ESPN NFL analyst Dan Orlovsky has admitted that he regrets how he framed his comments about Ohio State quarterback Justin Fields.
Last week, the former NFL quarterback turned ESPN analyst shared what he had heard about Fields from some teams around the league.
“One, I have heard that he is a last-guy-in, first-guy-out type of quarterback. Like, not the maniacal work ethic. I’ve even heard it compared to Justin Herbert, where it was like, dude, when Justin Herbert showed up, he was like a psychopath when it came to working and get ready for the draft. Or even at school, like, ‘Give me more, I want to work non-stop.’ And I’ve heard that there are issues with Justin Fields’ work ethic.

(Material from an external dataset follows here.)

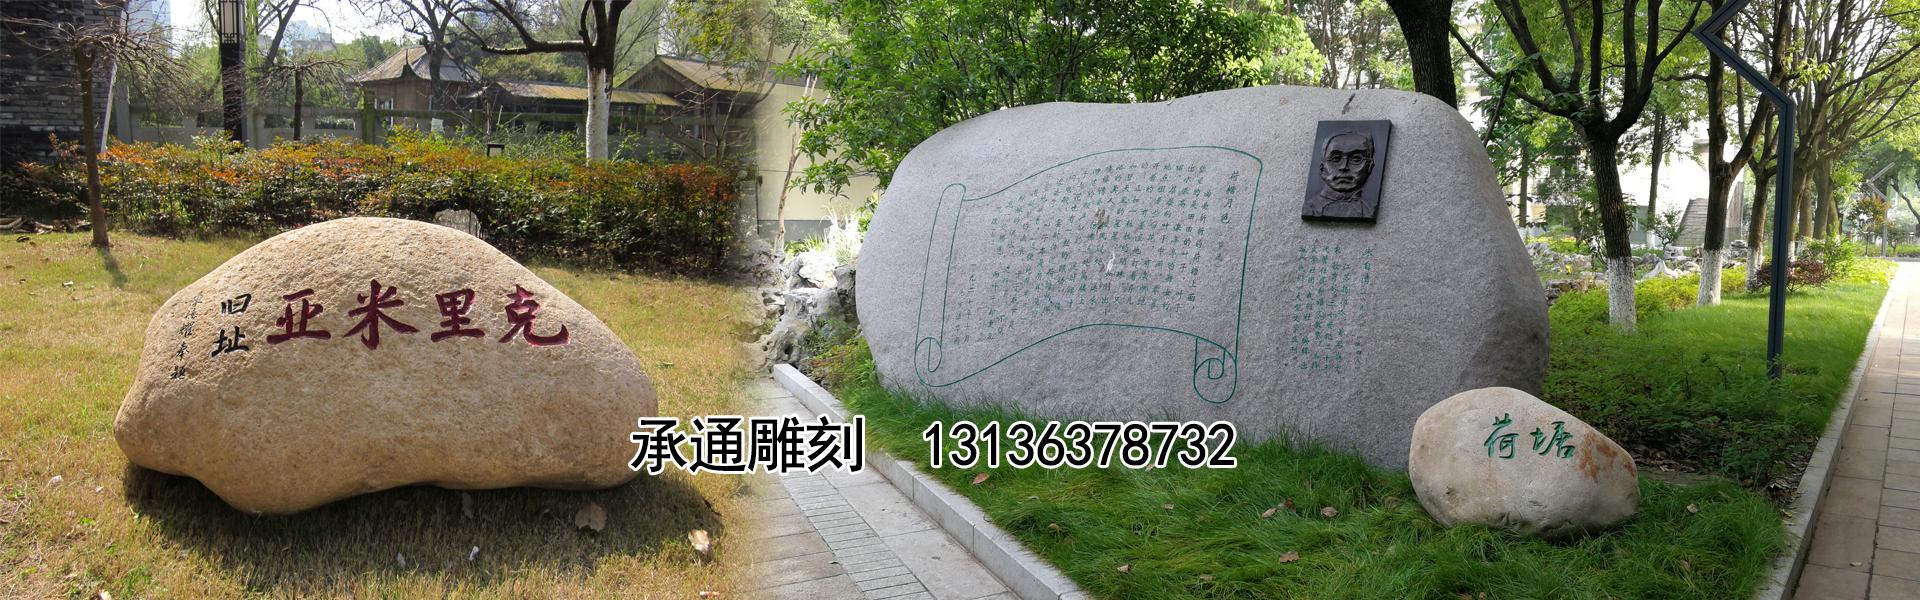 宁波景观石刻字

The second thing is … Where is his desire to go be a great quarterback? I think that there’s a desire to be a big-time athlete, from what is expressed to me, but where is his desire to be a great quarterback? And to be great, you gotta be willing to find the things that you are not good at and just freaking grind on them,” he said on The Pat McAfee Show.
Orlovsky was widely criticized for sharing these comments. ESPN college football analyst Kirk Herbstreit blasted his colleague for sharing that information.
“Absolutely RIDICULOUS. Even if YOU aren’t saying it… to pass that along from “people in the know” is reckless and absurd!! Embarrassing!!” said the college football analyst.
Orlovsky has since spoken to NBC Sports’ Peter King, admitting that he made a mistake.
From his column:
Orlovsky told me Saturday that people from a couple of teams did question Fields’ work ethic, but he regrets not having more “clarity and specificity” in his comments. In other words, he should have said something like, This is not what I know first-hand, but in talking to people I know in the league, two teams questioned Justin Fields’ work ethic, and that could be a concern. It’s important that Orlovsky be free to pass along information he finds credible, but it’s equally important to put that information in context.
Orlovsky added that he’s spoken with Fields personally.
“Justin didn’t have to take my phone call,” Orlovsky said. “He could have said, Screw that guy. I told him exactly what happened, said I wasn’t good enough in that moment, and that’s on me. He was like, I get it. It’s okay. I watch, and I know you’re someone who’s had my back. I appreciate you calling me. I felt like he was really mature, and I appreciated him hearing me out.”
Fields, who led the charge to have a college football season in 2020 and played through an injury in the College Football Playoff, is expected to be a top 10 pick in the NFL Draft later this month.